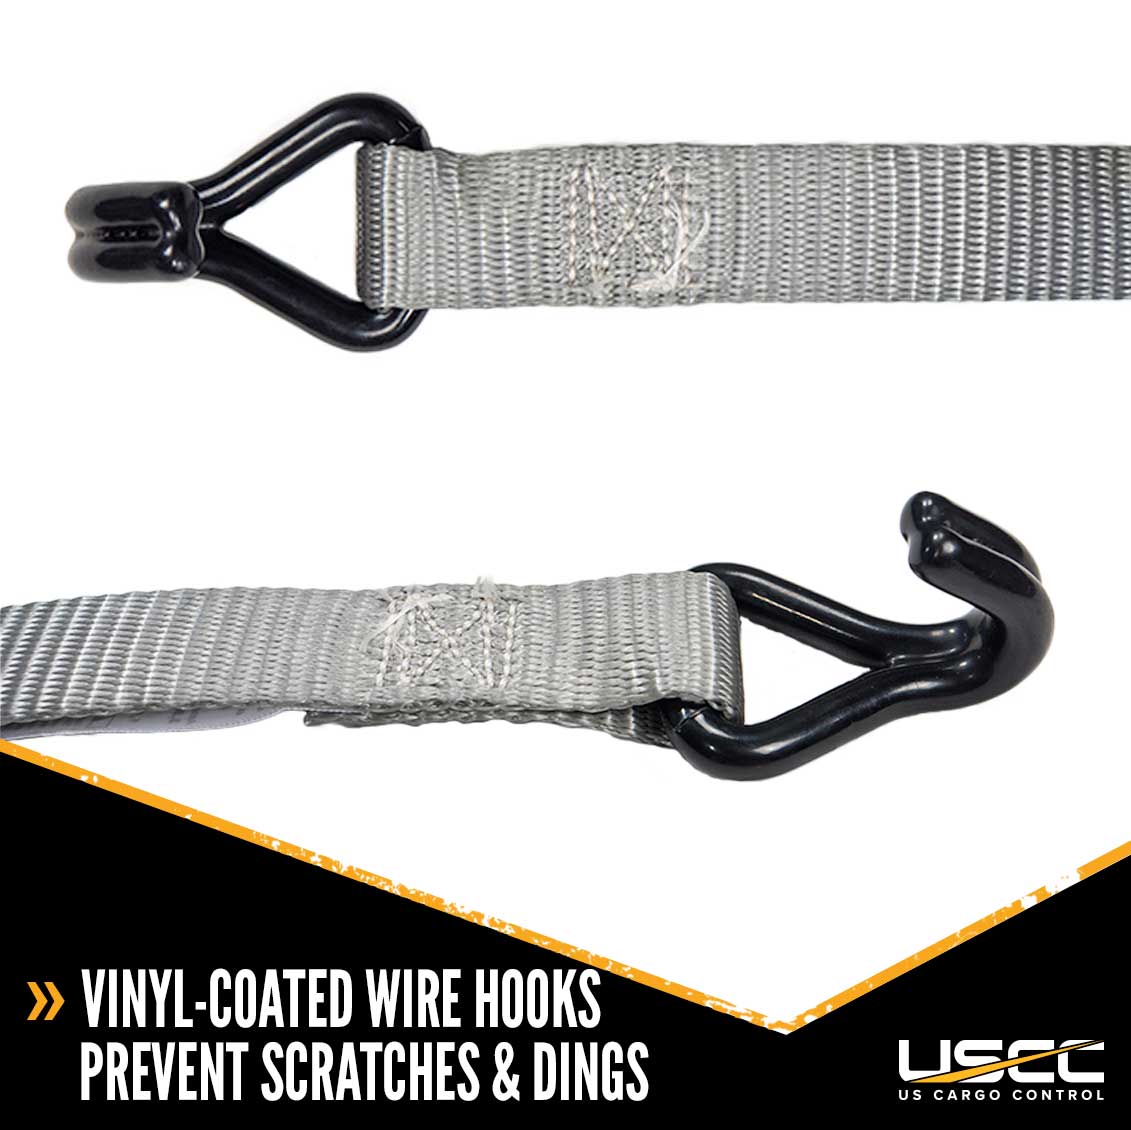 1 x 15' Rubber Coated Ratchet Strap w/ Vinyl Coated Wire Hooks
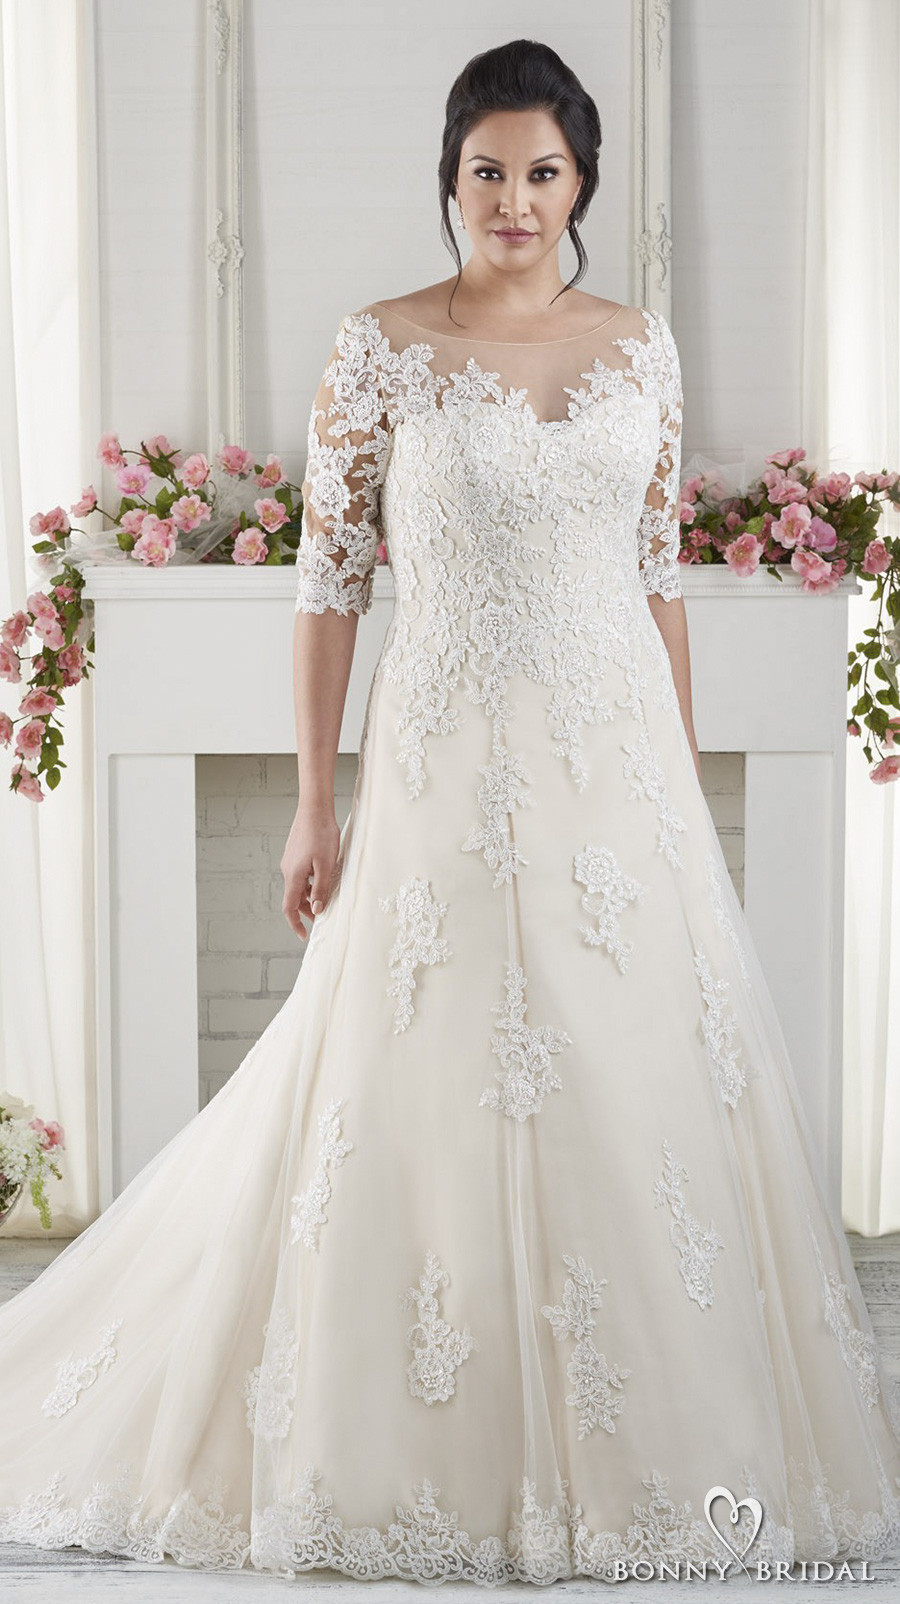 Plus Size Wedding Gowns With Sleeves
 Bonny Bridal Wedding Dresses — Unfor table Styles for

### INSTRUCTIONS FOR THE TASK
A verbatim transcript of the material above, with images dropped, is the expected output.

### WRITTEN SOLUTION
 1 x 15' Rubber Coated Ratchet Strap w/ Vinyl Coated Wire Hooks
 Plus Size Wedding Gowns With Sleeves
 Bonny Bridal Wedding Dresses — Unfor table Styles for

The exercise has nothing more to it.